Amin started his examinations and practical apprenticeship with solicitors under the regulations of the Faculty of Advocates in July 1980 in Scotland and was admitted as a member of the Faculty of Advocates on 10 July 1992.

== Academic career ==
Amin is a trustee of the Scottish Inter-cultural Association. This organisation is based in Scotland which focuses on supporting intercultural understanding and supporting integration within diverse communities.

He was elected as a fellow of the Royal Asiatic Society of Great Britain and Ireland in 2026. He was previously a patron of Prisoners Abroad 1997/98.

Amin has occupied positions of Professor of Law at Tehran University, Glasgow Caledonian University, Beijing Foreign Studies University and is currently an International Honorary Professor at Haikm Sabzevari University.

== Legal practice ==
Prof. S H Amin authored the Iran section considering the legal system, foreign investment and commercial law in the International Business Series Legal Aspects of Doing Business in the Middle East edited by Prof. Dennis Campbell (1986).

He also contributed to peer reviewed Modern Legal Systems Cyclopedia collated by general editor Prof. Kenneth Robert Redden (1985).

== Cited Reception ==
A selection of reviews on previous books by Prof. Sayed Hassan Amin:
1. "the latest of a long line of authoritative contributions by this author...' a serious definitive legal study and a valuable work of reference ....".
2. "Prof Hassan Amin on Iranian and Islamic law and he is a prolific writer on these subjects ...".
3. "Hassan Amin's name is quite familiar to the legal circles and he has a reputation for his works on Middle East legal systems. For those in India who are involved, with or without credentials, in the controversy regarding Islamic law there is an important message in Amin's various works including - that this legal system has in its fabric much more than mere matrimonial law or even personal law. Many aspects of comprehensive Islamic jurisprudence which not only remain unexplored in India but whose very existence is unknown in this country have been this favourite Commercial Arbitration in Islamic and Iranian Law subjects of this learned author ... Amin's book is an extremely valuable addition to the meagre literature in the English language on modern Muslim law.".
4. "Amin undertaking the description of the tangled conflicting claims to territory and access to maritime economic resources in the Gulf. Through the efforts of legal scholars like Dr. Amin, it is hoped that international process in the Gulf can be conducted by means of the peaceful acts of diplomacy, arbitration and negotiation.".
5. "For its originality, for the reference it contains, and the enlightening accounts it conveys. Middle East Legal Systems seems to me an indispensable instrument of work for any person involved in Middle Eastern Affairs".
6. "As an academic jurist, Amin is at his best on constitutions, marine law, the Shari'a and human rights. He is familiar with text and documentation. For democracy and the rules of law. He recommends regional co-ordination, economic development by appropriate technology, "Marshall aid" from the Gulf Cooperation Council to make good the damage of the war between Iran and Iraq and "political, social and cultural progress" without too much Westernisation. Amin tries hard to be objective in his analysis and even-handed between the combatants ... ".
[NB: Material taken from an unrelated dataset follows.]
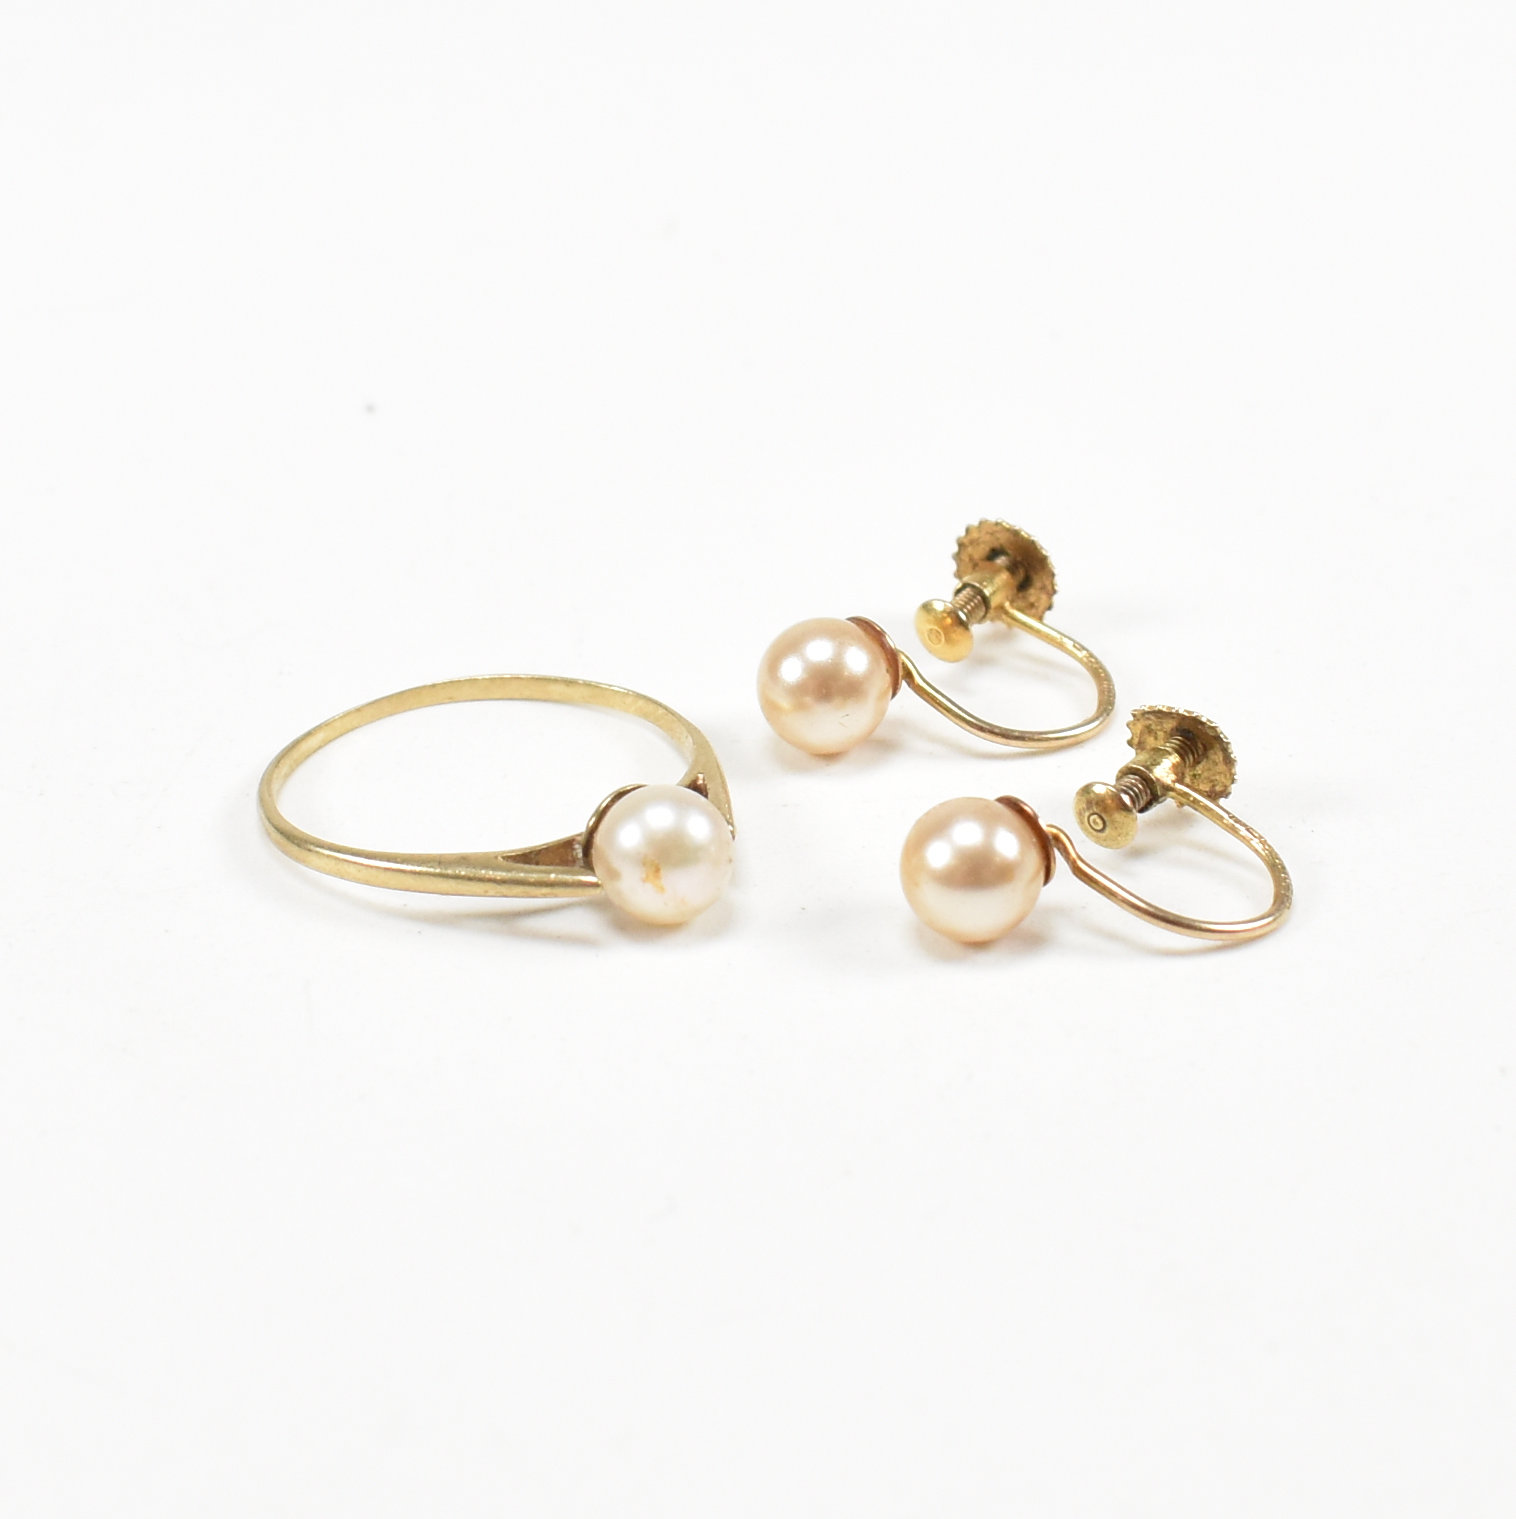 VINTAGE HALLMARKED 9CT GOLD SCREW BACK EARRINGS & RING - Image 4 of 10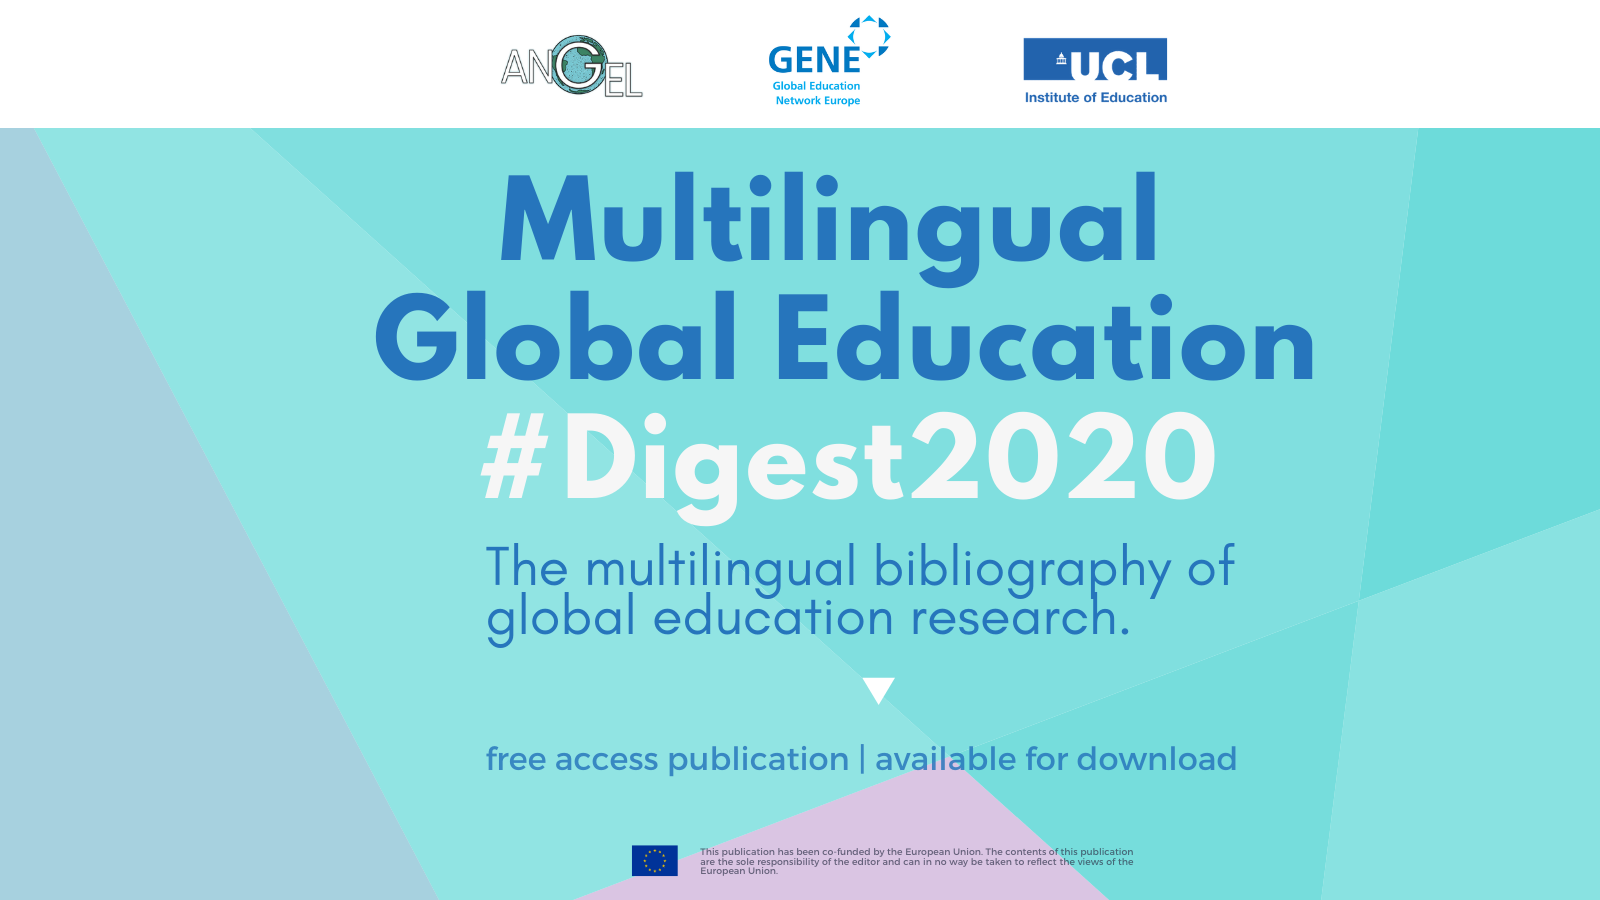 The new Global Education Digest 2020 - Multilingual edition – was launched this week

7. "Amin, an international lawyer, covering the legal aspects of Gulf security".

8. "The author gives a fine description of the Shi'a sect in Chapter 3, and a brief introduction of the major Islamic schools of jurisdiction in chapter 4.".

9."When all is said and done, this remains a fascinating book and one which attempts to fill a very real gap in the English language literature. One can only hope for an enlarged second edition fairly soon."

10. "Prof. Amin's book ... is admirably brief and is notable for the clear and practical information given in it".